◆ **Your goal**
There are pictures in the records below; leave them out and set down exactly the lines from the one holding "centechia Top quality" through the one holding "Wallpaper Iphone Floral".

◆ **Data for this exercise**
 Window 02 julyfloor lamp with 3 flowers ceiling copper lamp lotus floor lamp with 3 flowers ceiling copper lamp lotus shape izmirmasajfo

--

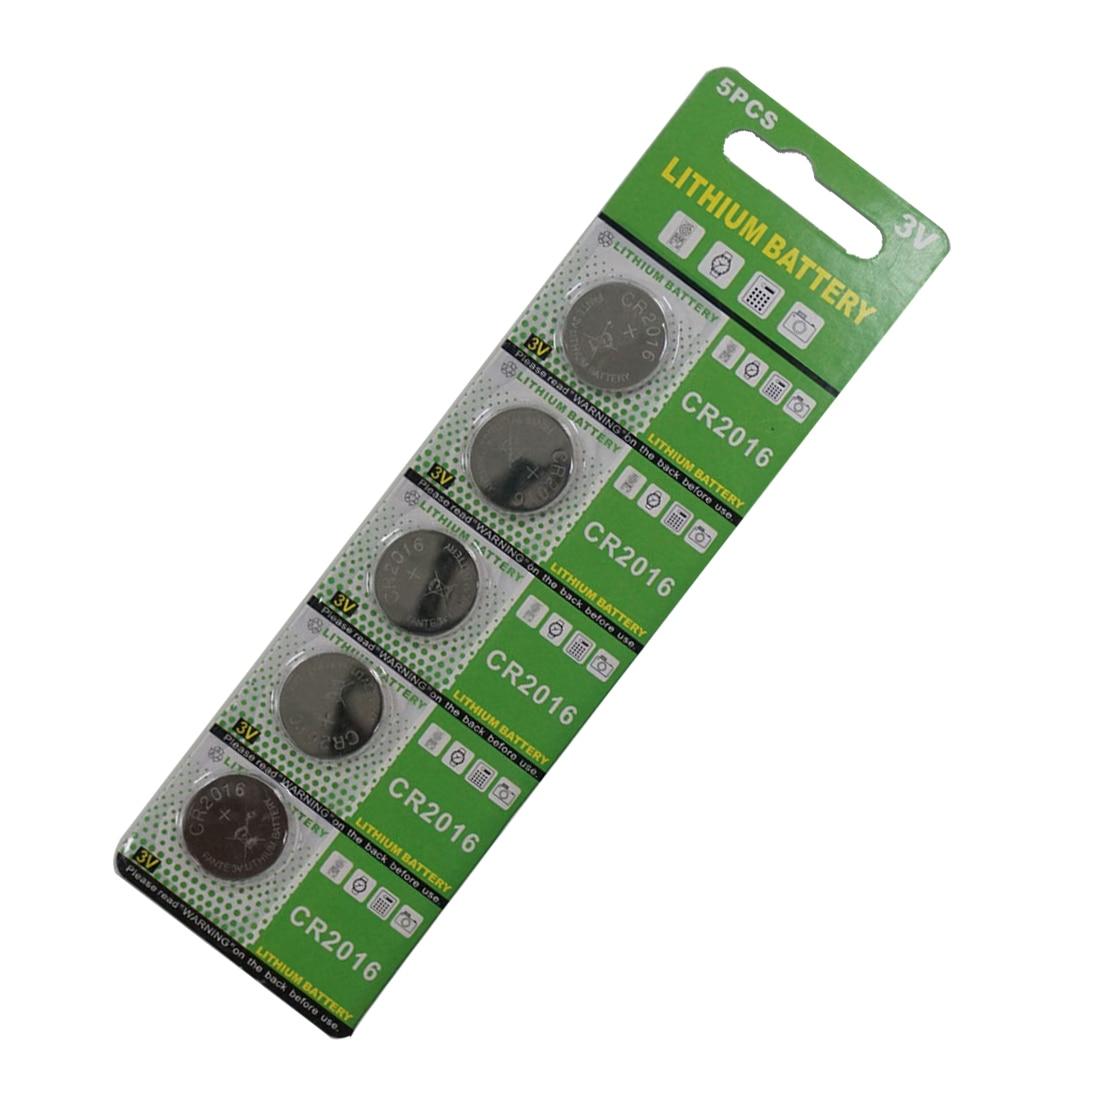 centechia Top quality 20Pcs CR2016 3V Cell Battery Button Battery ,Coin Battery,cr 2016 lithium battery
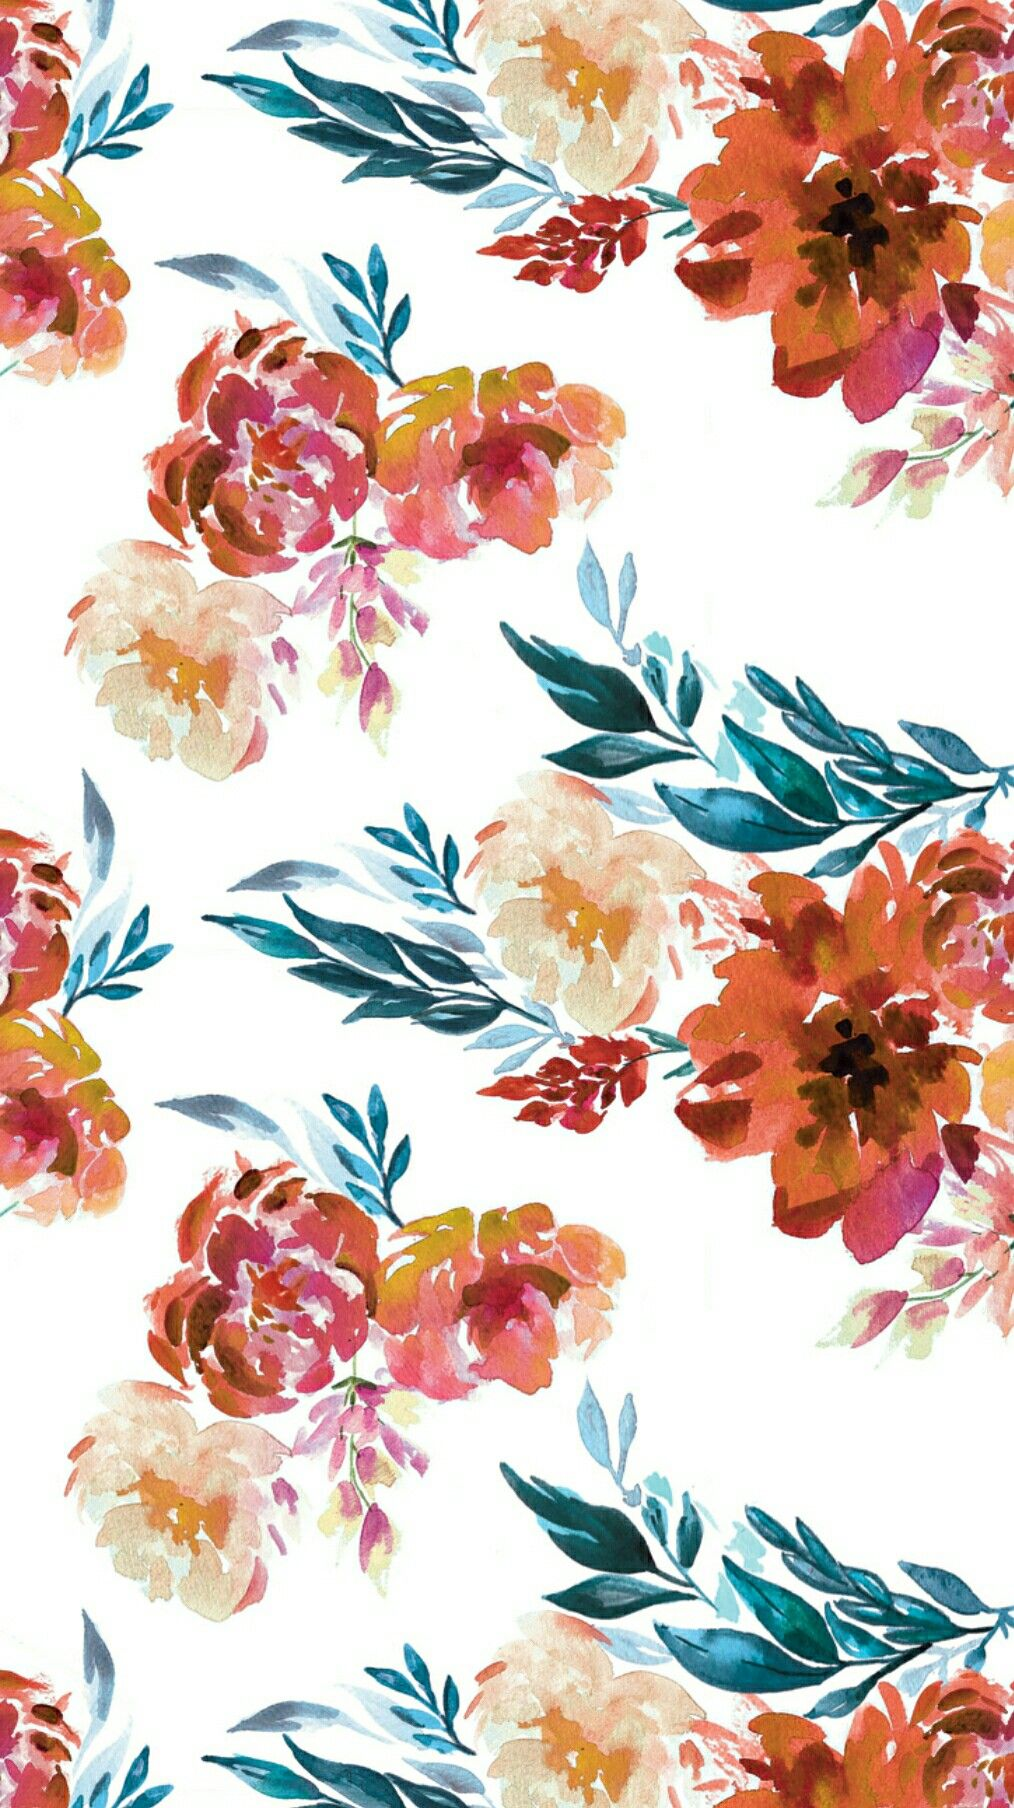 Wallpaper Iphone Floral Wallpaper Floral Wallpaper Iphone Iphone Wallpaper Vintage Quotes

◆ **Finished exercise**
 centechia Top quality 20Pcs CR2016 3V Cell Battery Button Battery ,Coin Battery,cr 2016 lithium battery
 Wallpaper Iphone Floral Wallpaper Floral Wallpaper Iphone Iphone Wallpaper Vintage Quotes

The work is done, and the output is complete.